The Nikkei rose 192.00 points, or 1.24 percent, to finish at 15,668.60, its highest closing since Jan. 23.
The Topix climbed 13.94 points, or 1.09 percent, to close at 1,297.00.
Although the U.S. market was closed Monday for the Labor Day holiday, stocks traded higher from the outset of Tuesday’s trading on the heels of the dollar’s rise past ¥104.50.
The weaker yen fueled expectations for better earnings at export-oriented firms, many of which have set their assumed exchange rate for the current fiscal year at around ¥100 to the dollar, an official at a major brokerage firm said.

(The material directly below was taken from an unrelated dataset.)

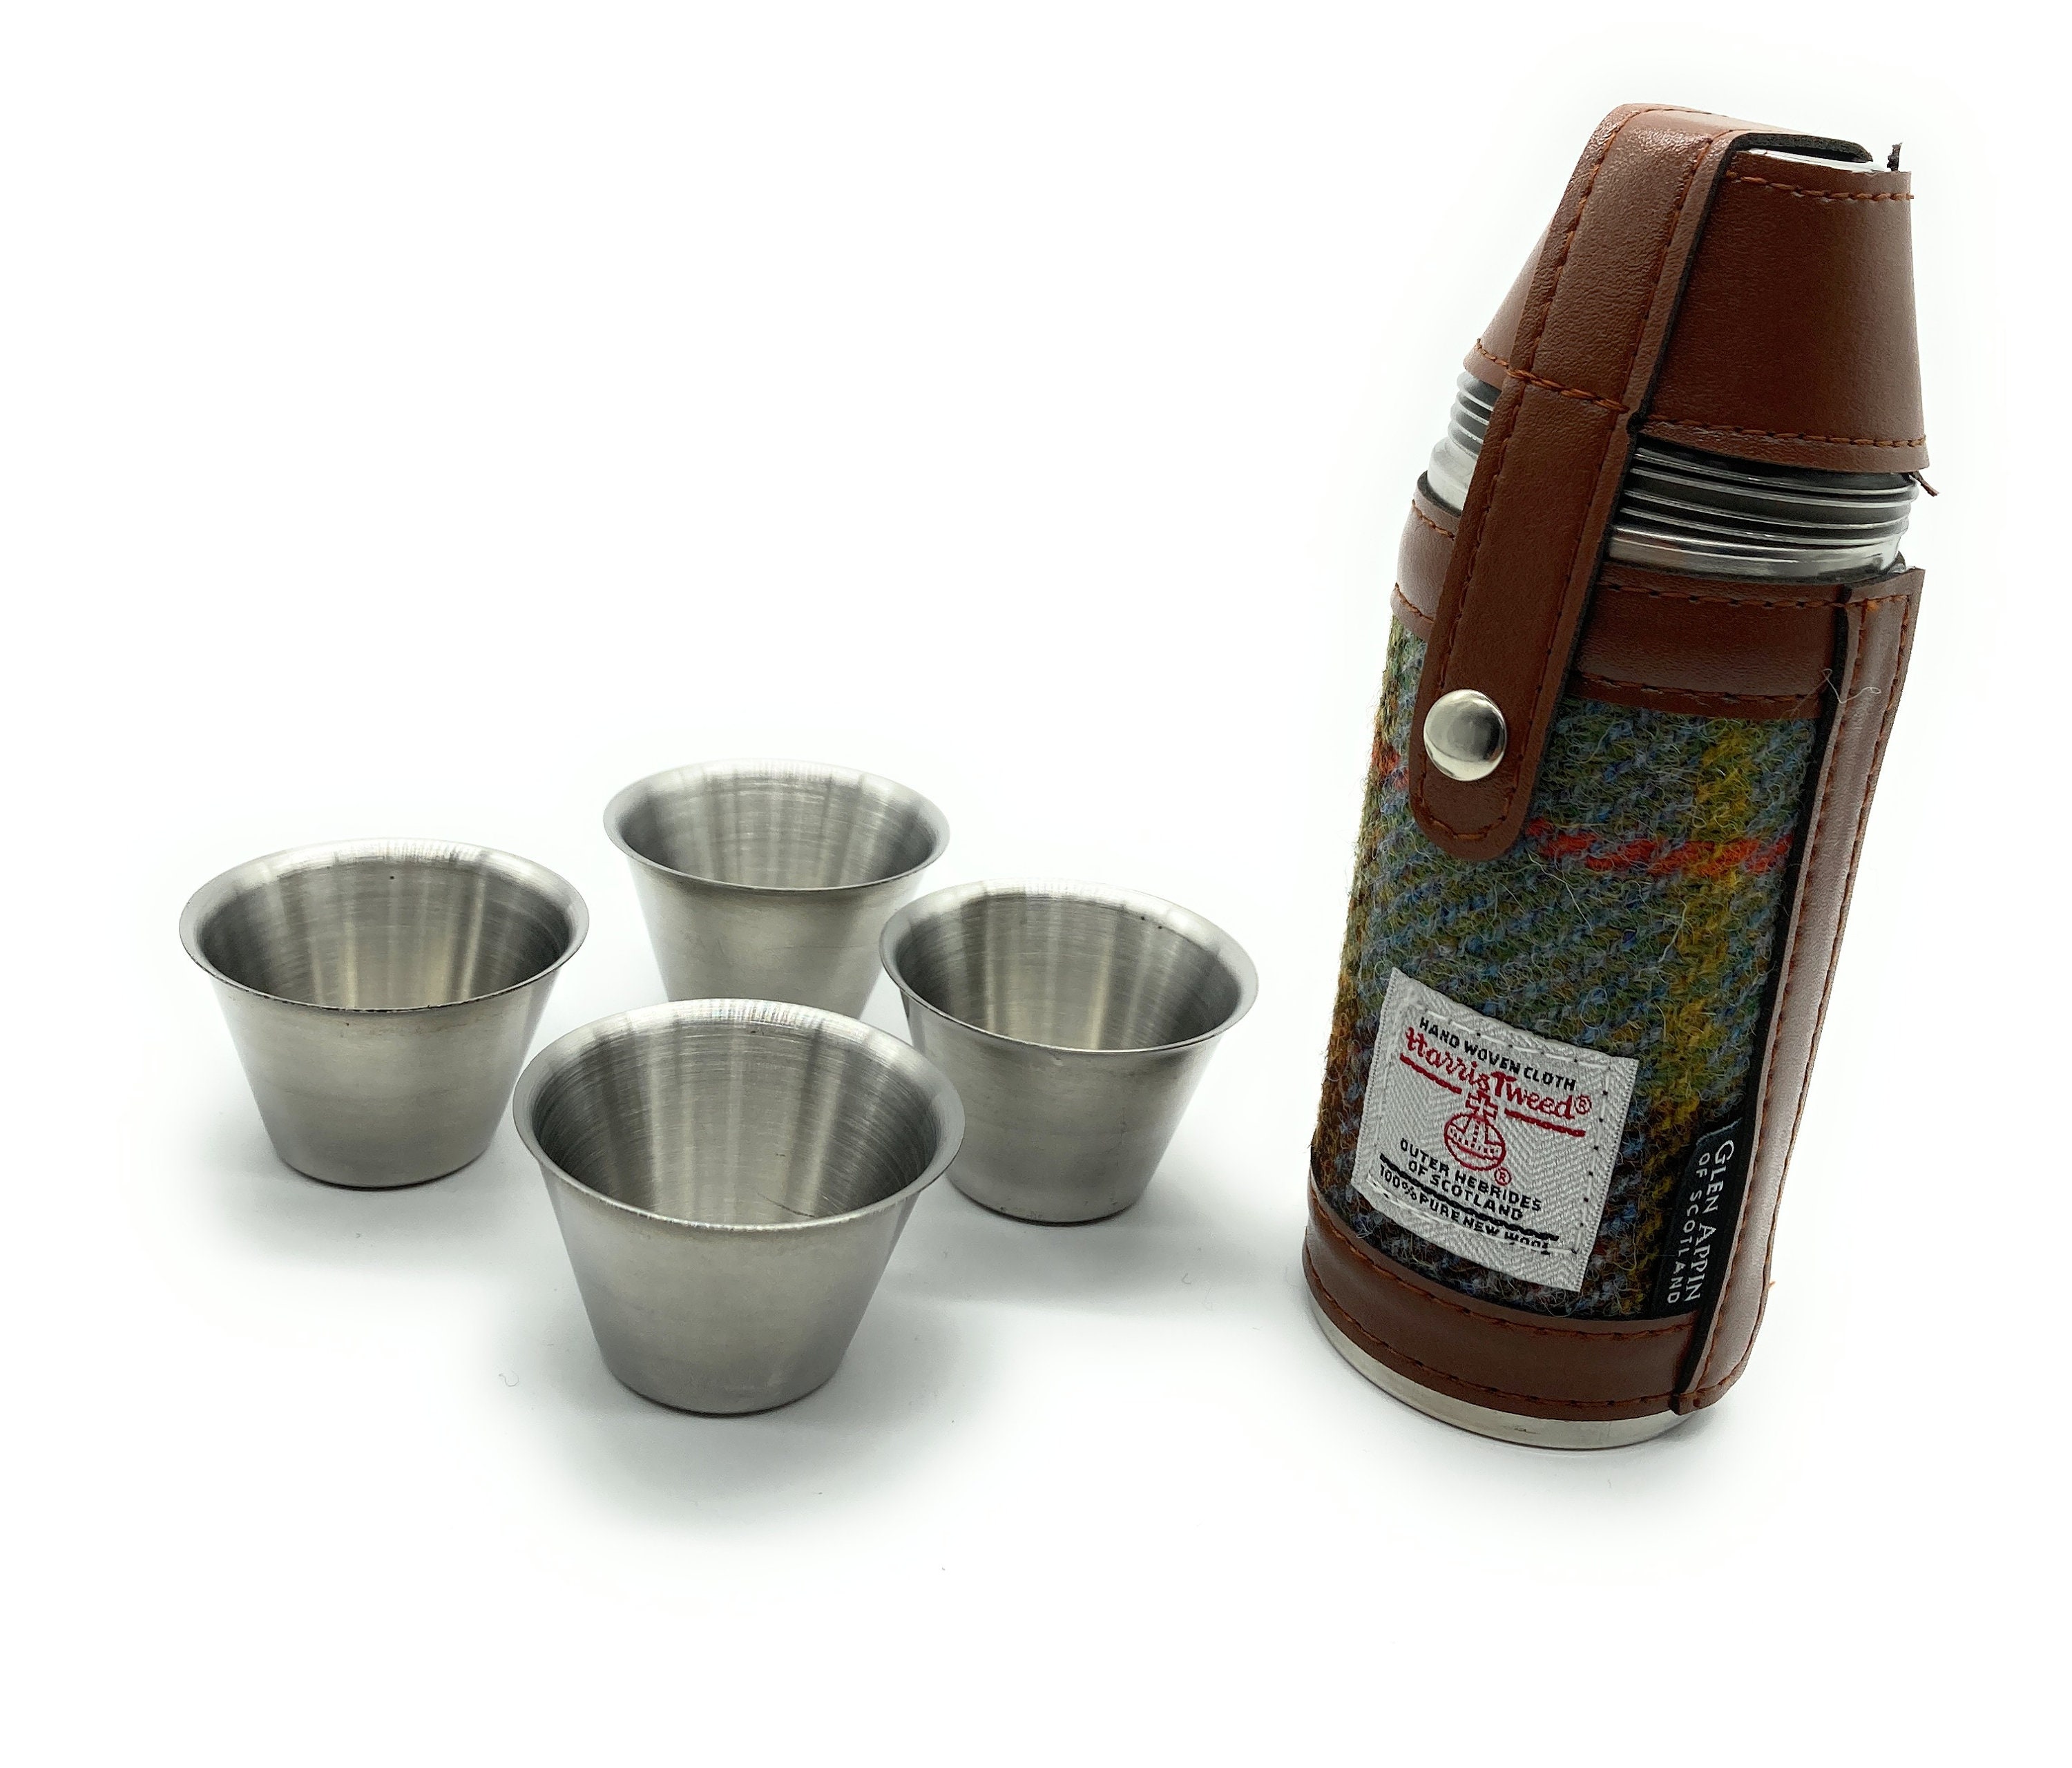 Wholesale 6.8oz Flask with Built-In Cup - Buy Wholesale Flasks

Given recent stronger than expected economic indicators in the United States, some market players are expecting the U.S. Labor Department’s jobs data for August, due out Friday, will turn out to be solid, which would provide further downward pressure on the yen.

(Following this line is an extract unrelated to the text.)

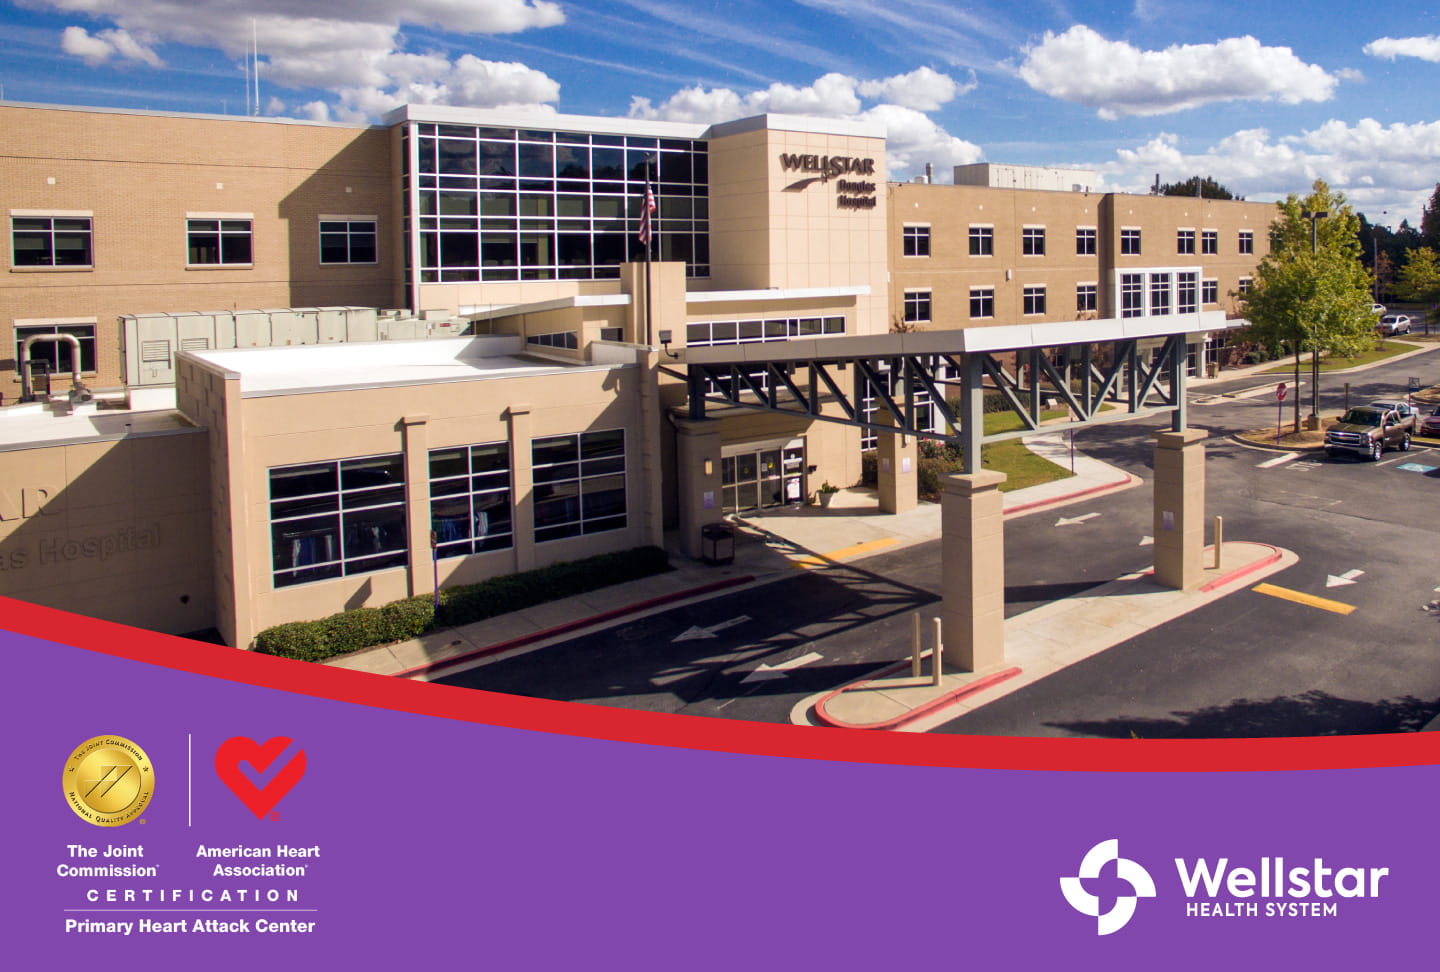 Exterior photo of Wellstar Douglas Hospital, Joint Commission and American Heart Association logos and text reads "Certification Primary Heart Attack Center." Wellstar logo at bottom right

Stocks extended gains later in the session as the yen’s further drop induced futures-led buying, with the Nikkei briefly rising more than 250 points.
Investors were also cheered by news reports that former Chief Cabinet Secretary Yasuhisa Shiozaki, an advocate of reform of the Government Pension Investment Fund’s investment policy, will likely be given the post of welfare minister in the Cabinet reshuffle Wednesday.
The GPIF, which manages a vast pool of public pension assets, is considering boosting the weighting of domestic stocks in its investment portfolio.
Takuro Hayashi of Iwai Cosmo Securities Co.’s investment research department said the market has started to factor in a possible change in the upbeat economic view of Bank of Japan Gov. Haruhiko Kuroda, who is scheduled to hold a news conference after the central bank’s two-day policy-setting meeting finishes Thursday. The BOJ meeting will be held after a recent series of weak economic data.
“If Kuroda softens his stubborn stance, it will be a plus for the stock market,” Hayashi said.
Rising issues outnumbered falling ones 1,245 to 467 in the first section, while 107 issues were unchanged.
Volume grew to 2.442 billion shares from Monday’s 1.811 billion.
Exporters including automakers Toyota and Honda enjoyed handsome gains on the back of the weaker yen, along with farm machinery maker Kubota.
Olympus closed up 2.96 percent after hitting a year-to-date high on buying prompted by Goldman Sachs’ upward revision to its stock price target.
Also on the plus side were brokerage firms such as Daiwa Securities Group, as well as realtors including Mitsubishi Estate.
Failing to follow the overall market uptrend, construction firm Kumagai Gumi snapped a six-day winning streak on profit-taking.